▶ _What to do_: Begin your copy at the line with "Dune Detailed High" in the records below and end it at the line with "Madonna of Humility, by", restating each line word for word; omit the pictures.

▶ _Record excerpts_:

┌──

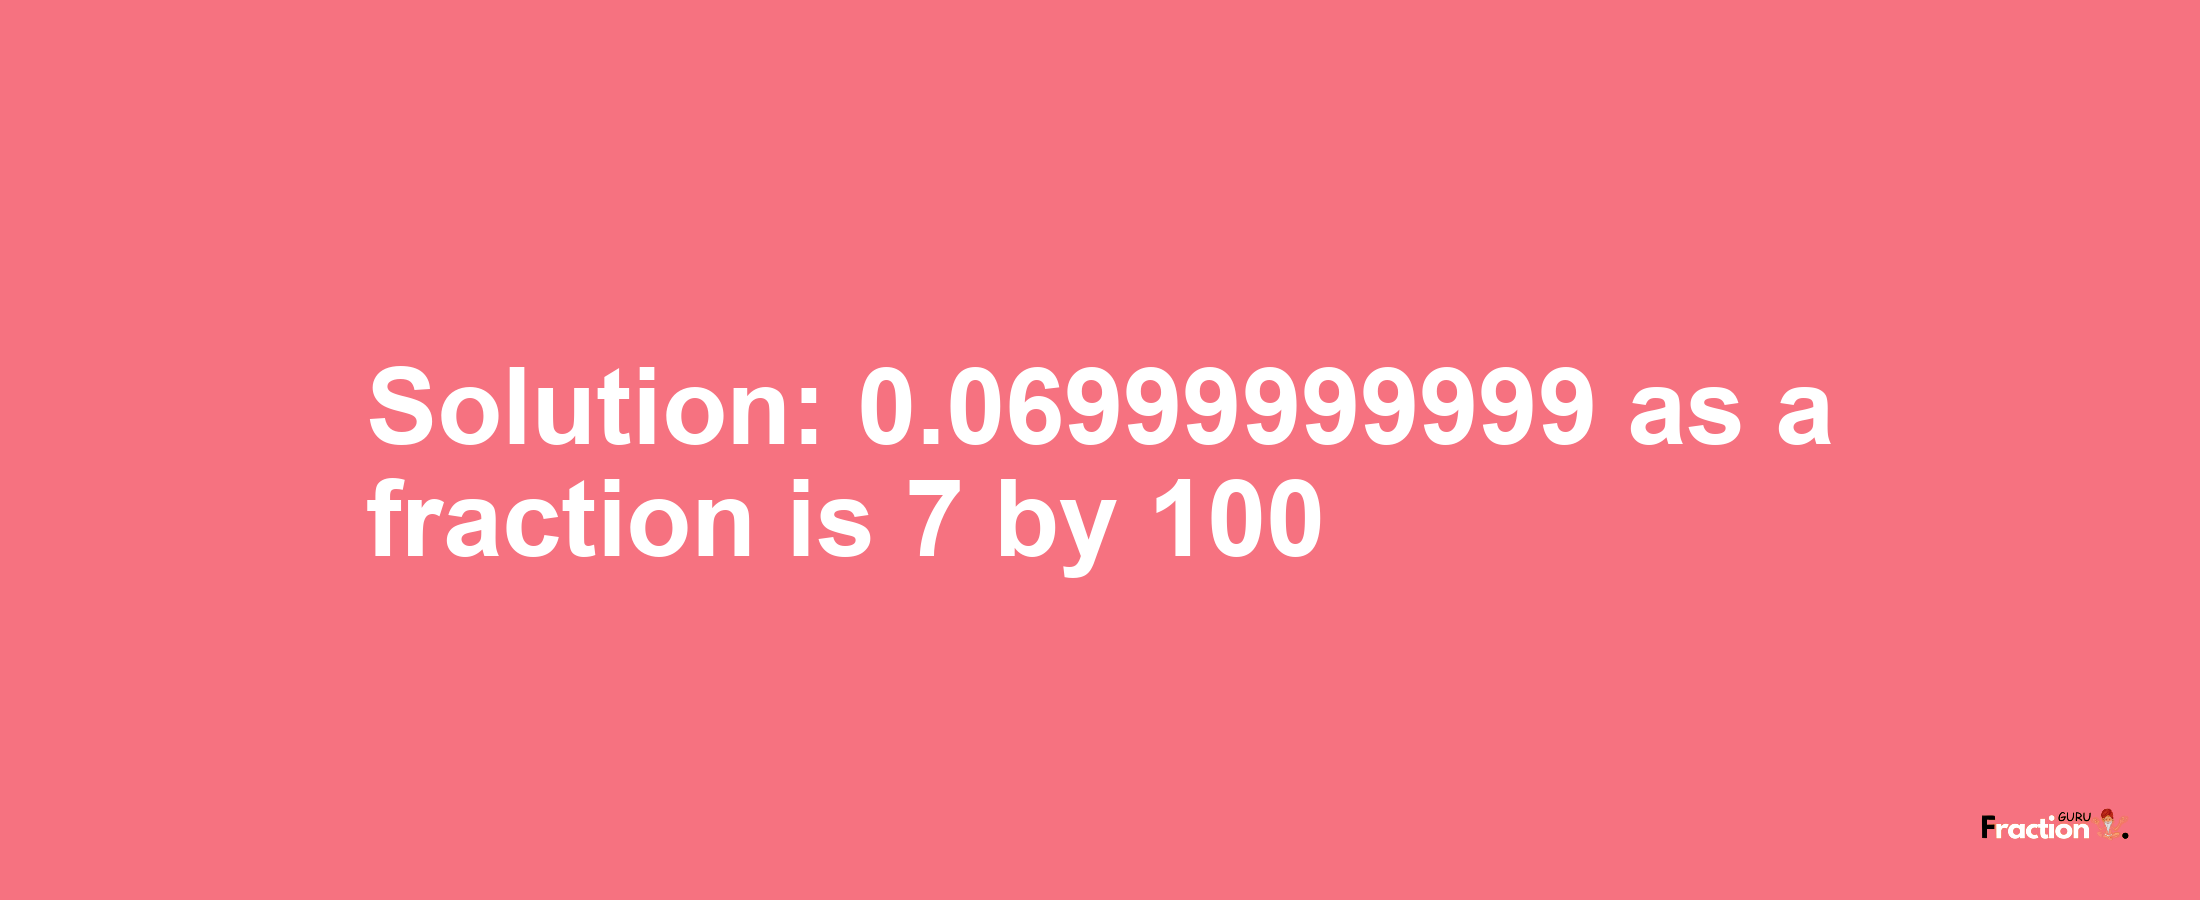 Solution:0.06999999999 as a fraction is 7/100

└──
┌──

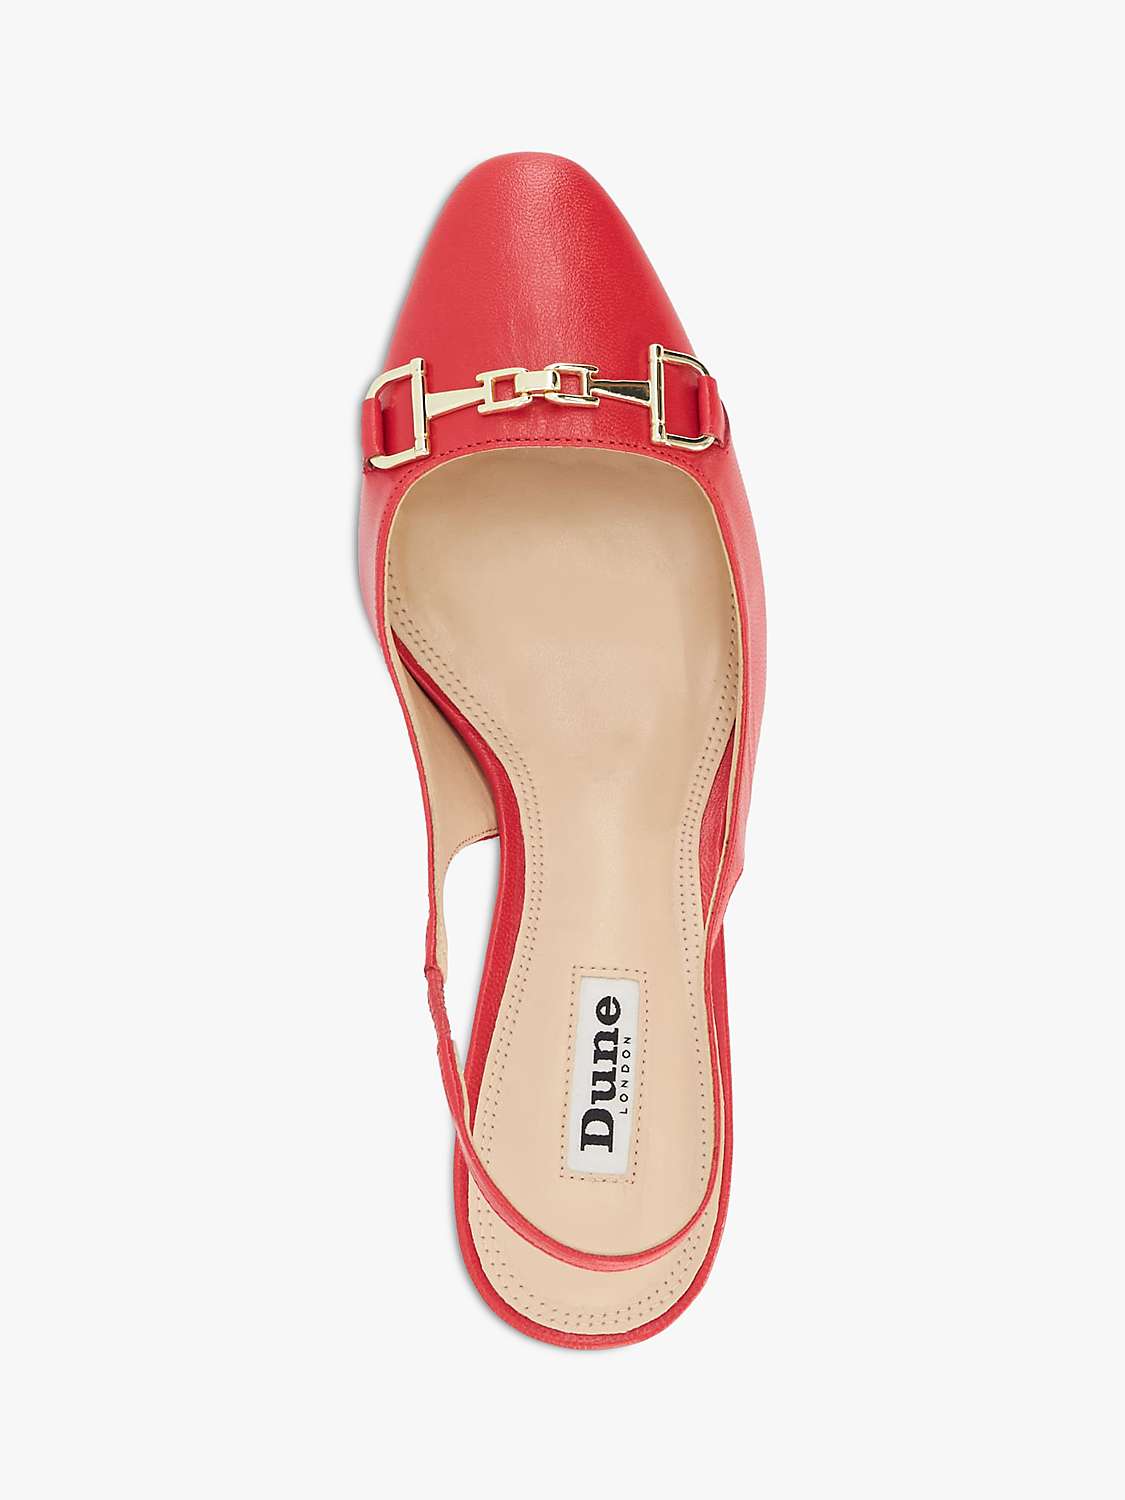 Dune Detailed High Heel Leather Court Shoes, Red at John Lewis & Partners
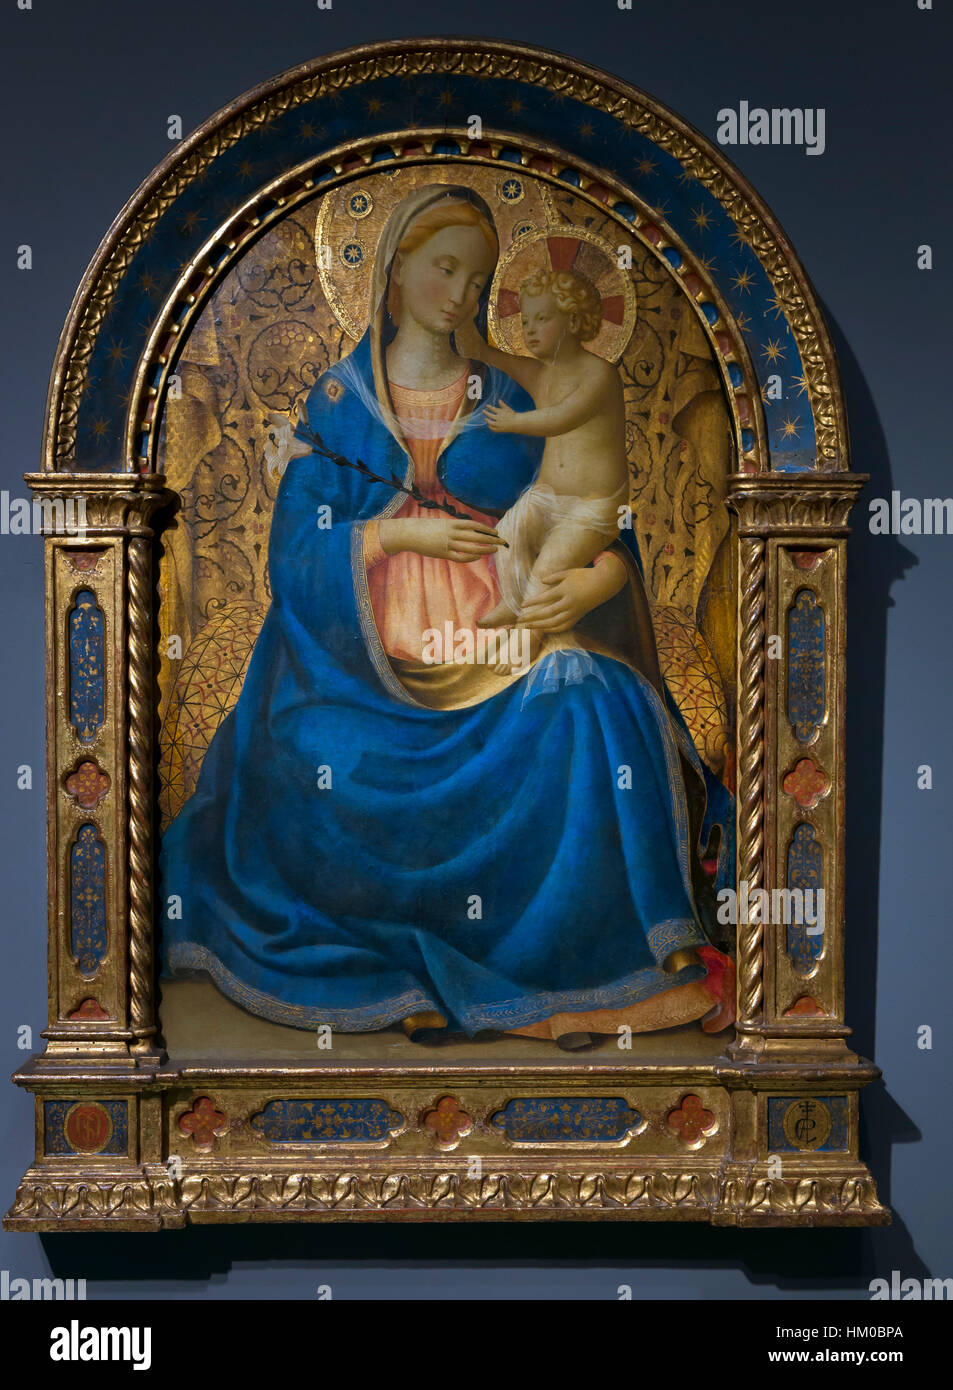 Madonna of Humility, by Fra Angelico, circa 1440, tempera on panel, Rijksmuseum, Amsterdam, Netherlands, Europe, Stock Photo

└──
┌──

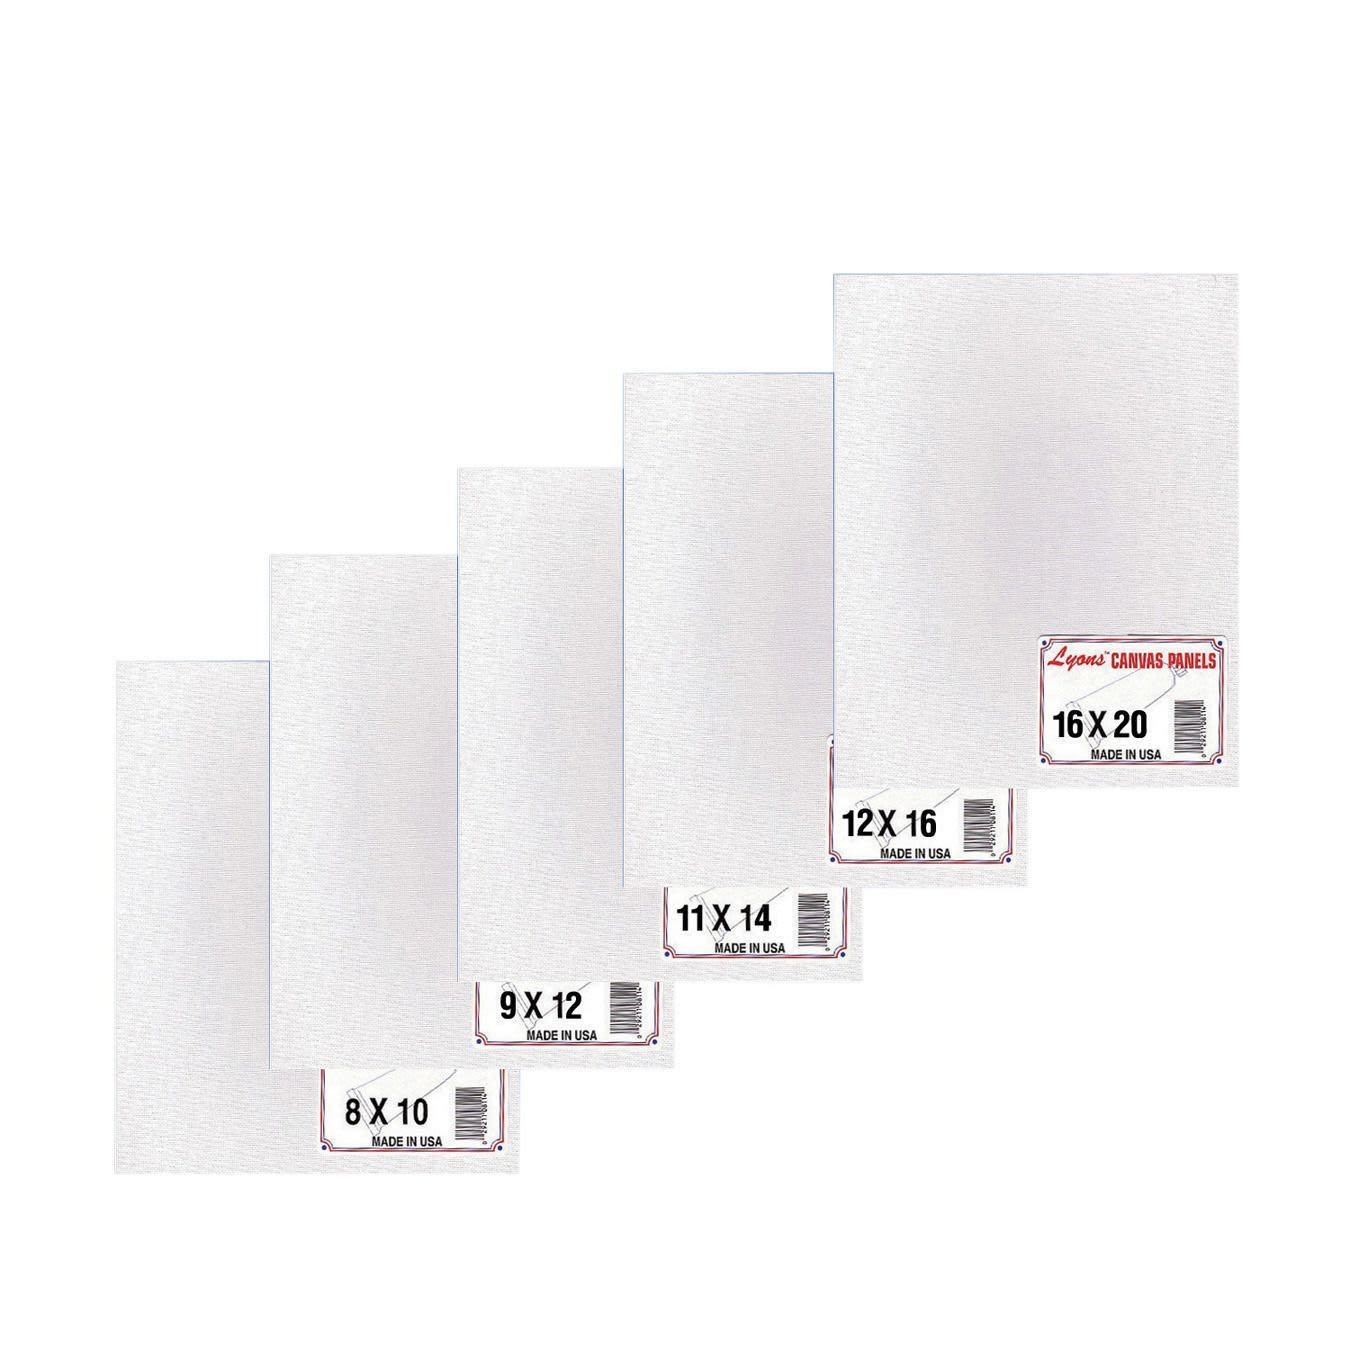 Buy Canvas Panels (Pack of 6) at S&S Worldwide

└──

▶ _Result_:
 Dune Detailed High Heel Leather Court Shoes, Red at John Lewis & Partners
 Madonna of Humility, by Fra Angelico, circa 1440, tempera on panel, Rijksmuseum, Amsterdam, Netherlands, Europe, Stock Photo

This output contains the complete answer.